A. And when detecting the semantically similar sentence pair, executing the following operations:
A1. each long text is combined
Figure 477408DEST_PATH_IMAGE008
Dividing the sentence into sentences according to punctuations representing sentence division;
A2. extracting the feature vectors of all sentences by using a semantic similarity detection model, and marking as
Figure 590858DEST_PATH_IMAGE009
A3. Feature vector to sentence
Figure 47247DEST_PATH_IMAGE009
De-duplication to obtain
Figure 271555DEST_PATH_IMAGE010
(ii) a For each feature vector, finding its TOPK similar vectors; and all the obtained vector pairs are recorded as
Figure 270735DEST_PATH_IMAGE011
A4. Computing
Figure 555086DEST_PATH_IMAGE011
The t percentile of the medium vector distance is used as a similarity threshold value
Figure 702033DEST_PATH_IMAGE012
A5. Filtering out
Figure 648474DEST_PATH_IMAGE009
Distance of medium feature vector is less than
Figure 830057DEST_PATH_IMAGE012
The sentence pairs are semantic similarity sentence pairs;
B. detecting the sentence pairs which are converted into similar types, and executing the following operations:
B1. each long text is combined
Figure 816467DEST_PATH_IMAGE008
Object segmented by representation sentenceDividing the point symbols into sentences;
B2. extracting the feature vectors of all sentences by using a transcription similarity detection model and recording the feature vectors as
Figure 716290DEST_PATH_IMAGE013
B3. Feature vector to sentence
Figure 954504DEST_PATH_IMAGE014
De-duplication to obtain
Figure 990594DEST_PATH_IMAGE015
(ii) a For each feature vector, finding its TOPK similar vectors; all vectors obtained are paired into
Figure 272539DEST_PATH_IMAGE016
B4. Computing
Figure 394079DEST_PATH_IMAGE017
The t percentile of the medium vector distance is used as a similarity threshold value
Figure 763880DEST_PATH_IMAGE018
B5. Filtering out
Figure 716793DEST_PATH_IMAGE014
Distance of medium feature vector is less than
Figure 513848DEST_PATH_IMAGE018
The sentence pair is the sentence pair with similar type;
C. detecting sentence pairs of local similarity type, executing the following operations:
C1. each long text is combined
Figure 529208DEST_PATH_IMAGE008
Dividing the sentence into sentences according to punctuations representing sentence division, and dividing the sentence into clauses according to commas;
C2. using semantic similarity detection model extractionTaking the feature vectors of all clauses and recording as
Figure 437121DEST_PATH_IMAGE019
C3. Feature vector to sentence
Figure 369174DEST_PATH_IMAGE019
De-duplication to obtain
Figure 337130DEST_PATH_IMAGE020
(ii) a For each feature vector, finding its TOPK similar vectors; all vectors obtained are paired into
Figure 433262DEST_PATH_IMAGE021
C4. Computing
Figure 676025DEST_PATH_IMAGE021
The t percentile of the medium vector distance is used as a similarity threshold value
Figure 806792DEST_PATH_IMAGE022
C5. Filtering out
Figure 617753DEST_PATH_IMAGE019
Distance of medium feature vector is less than
Figure 935602DEST_PATH_IMAGE022
The clause pair of (1);
C6. and tracing the successfully matched clause pairs to corresponding sentence pairs, namely the sentence pairs with local similarity.

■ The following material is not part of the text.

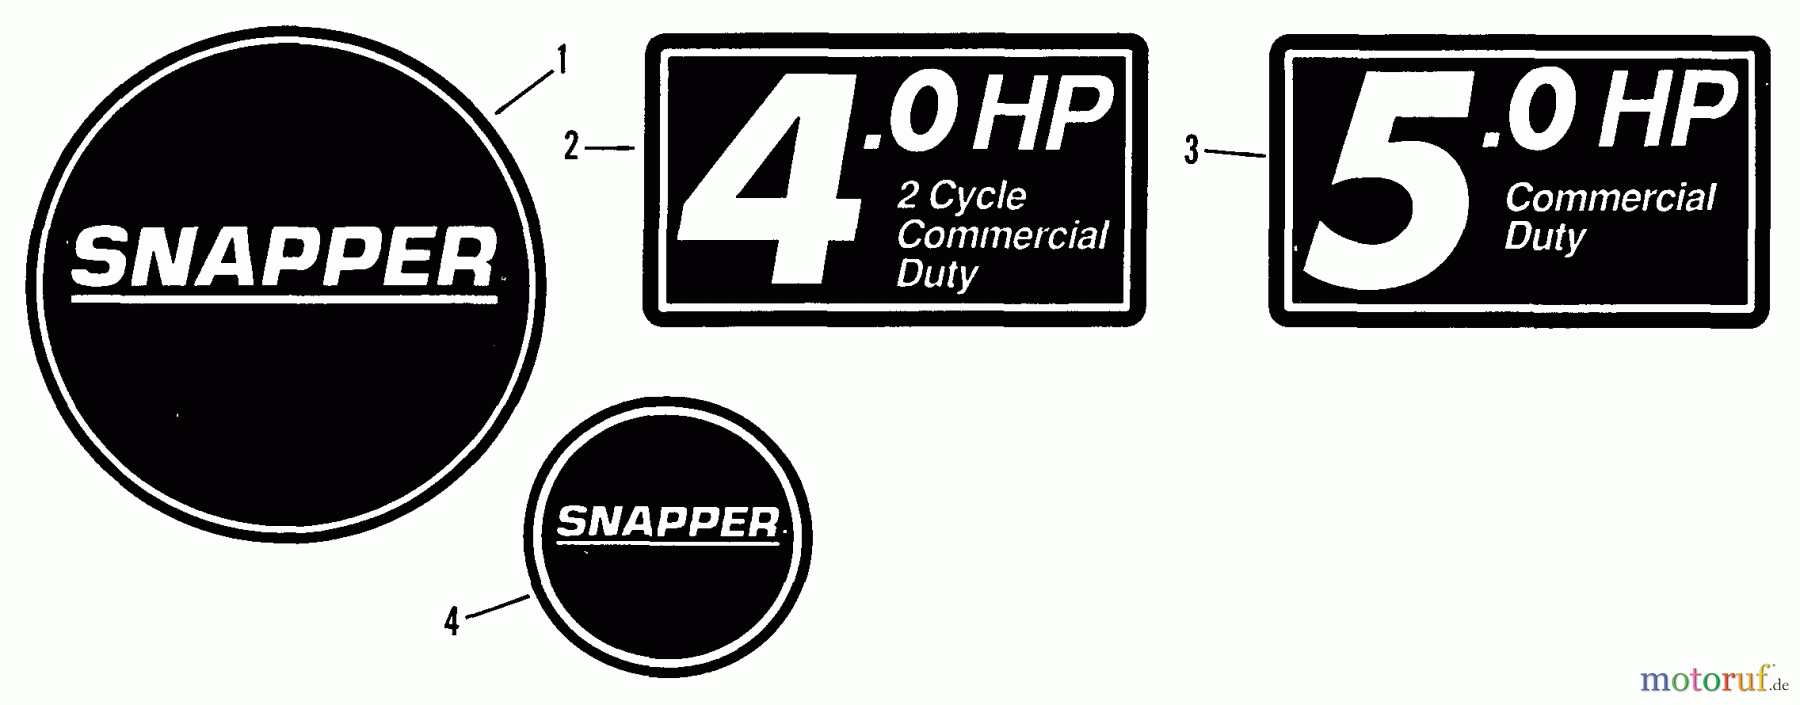  Snapper Rasenmäher PC21507BV - Snapper 21

After the detected similar sentence pair result is obtained, the graph structure calculation stage is entered (as shown in fig. 3).
3) And combining and summarizing the detection results of the three types of similar sentences, and standardizing the numerical values according to the total length of the text to obtain the basic similarity of the long text. Specifically, assume that there are two long texts
Figure 372268DEST_PATH_IMAGE008
Figure 357542DEST_PATH_IMAGE023
Detect that
Figure 667300DEST_PATH_IMAGE008
And
Figure 3604DEST_PATH_IMAGE023
in (1)
Figure 57010DEST_PATH_IMAGE055
Each sentence is similar (including three types of similarity), and the total number of sentences in the two long texts is
Figure 568894DEST_PATH_IMAGE056
And
Figure 49554DEST_PATH_IMAGE028
the basic similarity of the two long texts
Figure 138733DEST_PATH_IMAGE025
Calculated as follows:
Figure 730251DEST_PATH_IMAGE057
4) abstract representation of long text and basic similarity thereof into similar sentence relation graph
Figure 614418DEST_PATH_IMAGE037
. Each node in the similar sentence relationship graph
Figure 265979DEST_PATH_IMAGE008
Represents a long piece of text that is displayed in a long format,
Figure 452241DEST_PATH_IMAGE030
(ii) a The node characteristic is a single hot vector, and the dimensionality of the vector is the total number N of the long texts; for long text
Figure 847450DEST_PATH_IMAGE008
There are feature vectors:
Figure 458560DEST_PATH_IMAGE058
if two long texts
Figure 281023DEST_PATH_IMAGE008
Figure 203848DEST_PATH_IMAGE023
There is a similar sentence between them, there is an edge between the nodes corresponding to the long text, and the weight of the edge has:
Figure 402749DEST_PATH_IMAGE059
Figure 71627DEST_PATH_IMAGE025
is the basic similarity of the previous step of calculation;
5) carrying out information transmission and aggregation operation twice on the relational graph to obtain new node characteristic information
Figure 737095DEST_PATH_IMAGE033
And updated. The calculation method is as follows:
Figure 491424DEST_PATH_IMAGE060
wherein the content of the first and second substances,
Figure 290753DEST_PATH_IMAGE038
the weights are self-defined by the first and second operations respectively and are used for adjusting the proportion of information aggregation on the two images. Finally, the node feature vector is obtained
Figure 814138DEST_PATH_IMAGE061
Wherein, in the step (A),
Figure 634196DEST_PATH_IMAGE042
represents a long text
Figure 875821DEST_PATH_IMAGE008
And long text
Figure 416524DEST_PATH_IMAGE023
The text similarity of (2).
The method is adopted to calculate the similarity of the long text, the long text is divided into fine-grained sentences for coding and comparison, and the semantic information of the compared text is fully utilized; abstracting the long text to nodes on the graph, and propagating and aggregating the information on the graph, wherein the nodes represent the fused group information; similar sentences can be visually checked, so that long texts have strong interpretability, and the effectiveness and the precision of text processing are improved.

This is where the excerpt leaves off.